The trial is expected to begin enrollment in March 2025 and will focus on ≥18-year-old patients with advanced PDAC.

About PDAC

PDAC is an aggressive form of cancer with a poor prognosis and increasing incidence. It accounts for over 85% of all solid pancreatic tumors. The 5-year relative survival rate is only about 11% for all stages and 3% for metastatic disease. PDAC is characterized by late detection and particularly aggressive biology, which contribute to its dismal outcomes.

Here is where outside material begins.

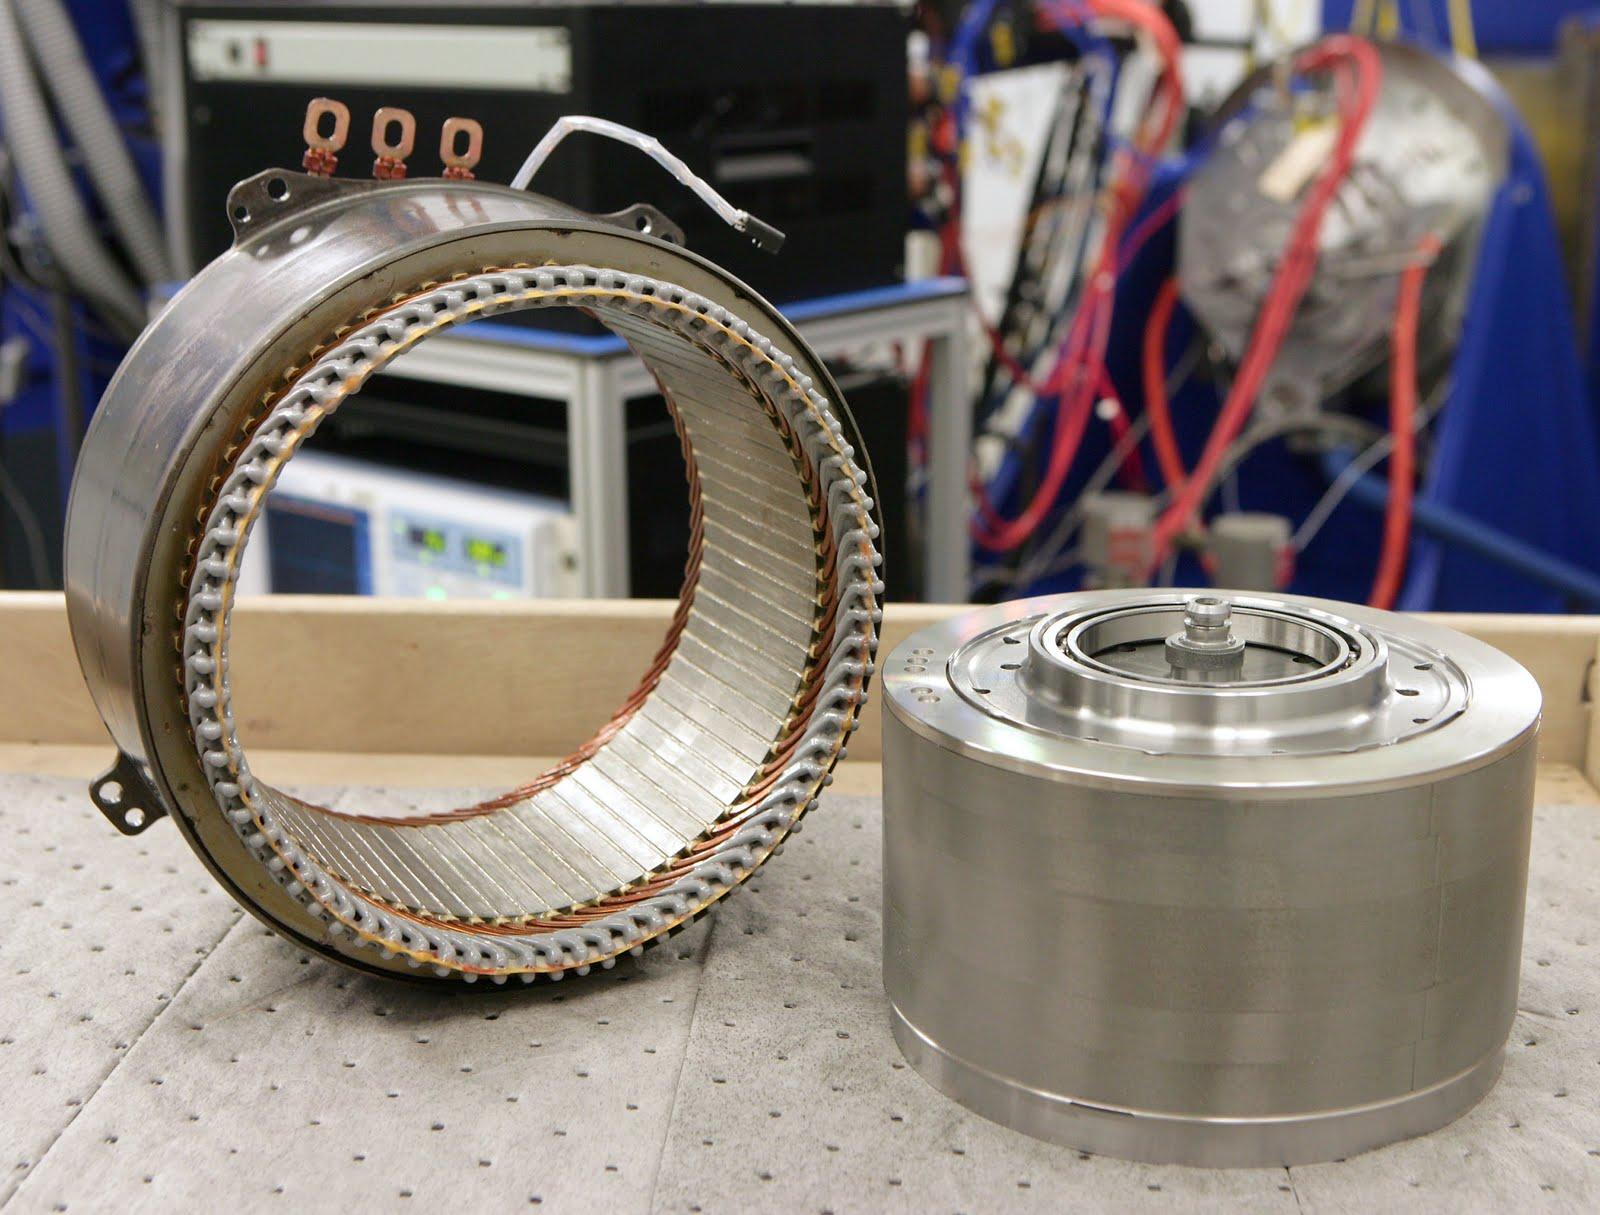 Borgwarner To Buy Electric Motor Maker Remy For 950m

Surgical resection followed by adjuvant chemotherapy is the only potentially curative treatment, but it is only possible for 10-20% of patients.

Given these challenges, PDAC remains a critical area for oncological research and innovative treatment approaches.

About MYC

MYC is the most dysregulated oncogene in human cancer, controlling multiple transcriptional programs associated to most hallmarks of cancers, including increased proliferation, metastatic potential, immune suppression and resistance to treatment.

About OMO-103

OMO-103 is a first-in-class and best-in-class mini-protein against MYC. It has successfully been tested in a Phase Ia study in all-comers solid tumors and is currently in a Phase Ib study in metastatic PDAC patients in combination with standard of care chemotherapy.